All in all, we believe that representations, such as those that an Autoencoder model can learn, can be enhanced by training the model to specifically learn to put some samples closer together. As far as we know, models like BYOL have never been tried before in the malware domain for malware clustering. Therefore, this is a fascinating research avenue for us.
We were inspired to write this article to bring the readers’ attention to the relatively recent new developments in the field of deep learning, particularly self-supervised learning. Self-supervised learning is a new way for researchers in academia and in practice to achieve state-of-the-art results based on representations learned in a practically fully unsupervised context.
BYOL is an example of a well-engineered method which can achieve near-supervised learning performance on ImageNet. It does not mean, however, that it cannot reach it and even move beyond the performance of the supervised methods.
The data labels help neural networks achieve a well-trained model in a relatively short time. However, the labels could also sometimes be a limit to the potential of the learned representations – since the labels of the images can inherently include some bias, or due to errors could even be flat-out wrong in some cases.

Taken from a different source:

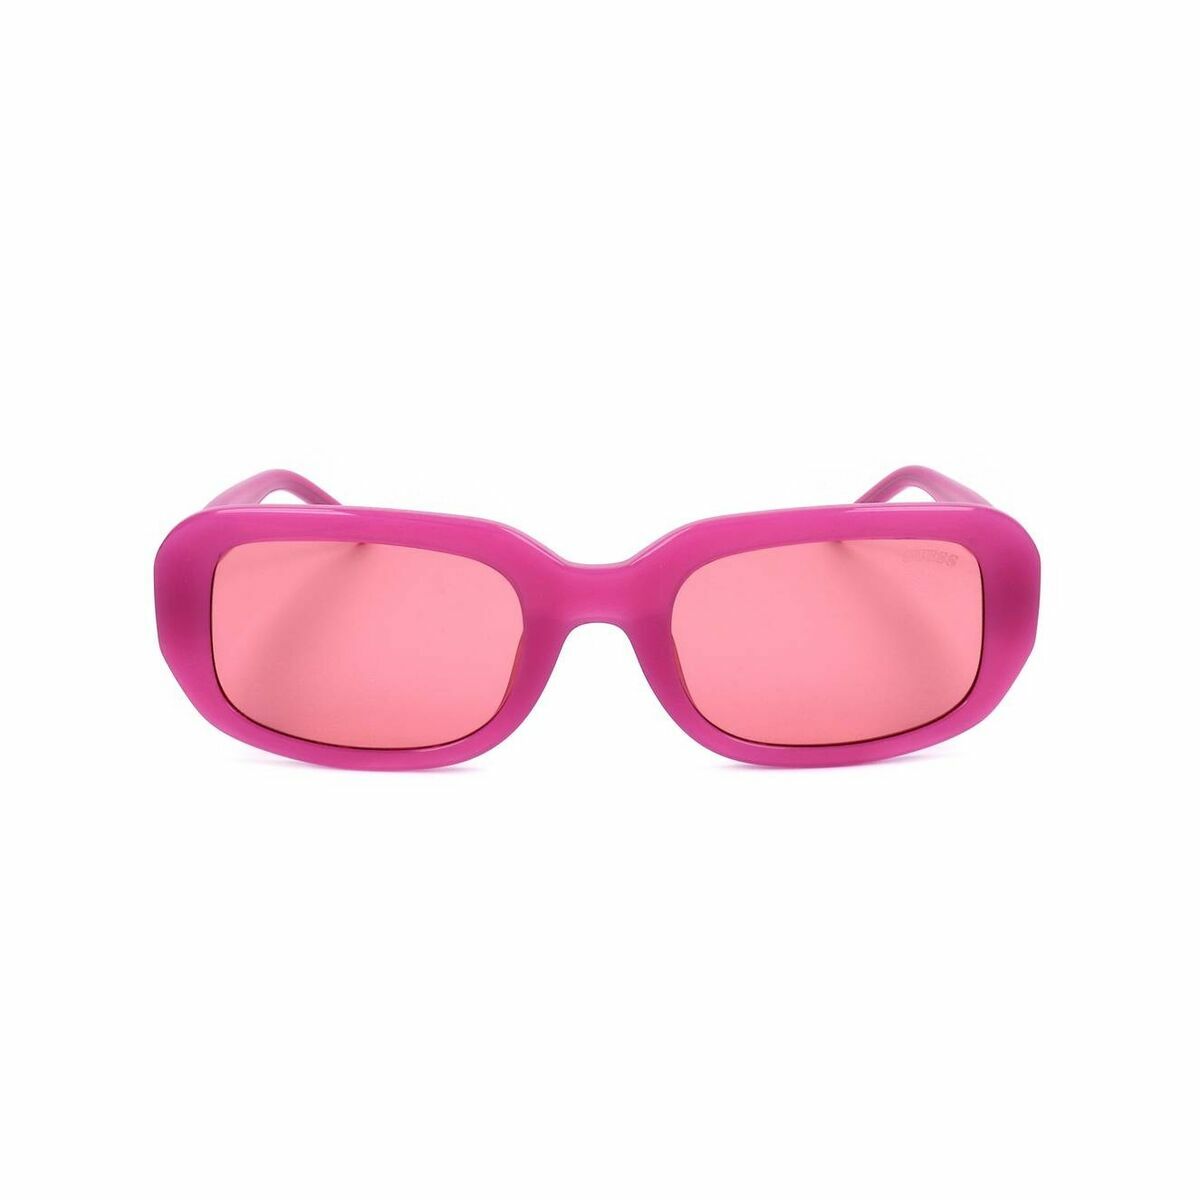 Guess Ladies' Sunglasses  Gu8250-5472s  54 Mm Gbby2 In Pink

Michal Valko – a short bio
Michal is an accomplished researcher in the field of AI who currently works at Google DeepMind in Paris. He specializes in learning representations that require little-to-no human supervision. This includes deep reinforcement learning, bandit algorithms, or self-supervised learning. Besides being a successful AI researcher, he is also a Slovak with roots in Košice. We imagine that organizing and participating in EEML 2023 in Slovakia must have been a small dream come true for him.
 Chen, X. and He, K., 2021. Exploring simple siamese representation learning. In Proceedings of the IEEE/CVF conference on computer vision and pattern recognition (pp. 15750-15758).
 Grill, J.B., Strub, F., Altché, F., Tallec, C., Richemond, P., Buchatskaya, E., Doersch, C., Avila Pires, B., Guo, Z., Gheshlaghi Azar, M. and Piot, B., 2020. Bootstrap your own latent – a new approach to self-supervised learning. Advances in neural information processing systems, 33, pp.21271-21284.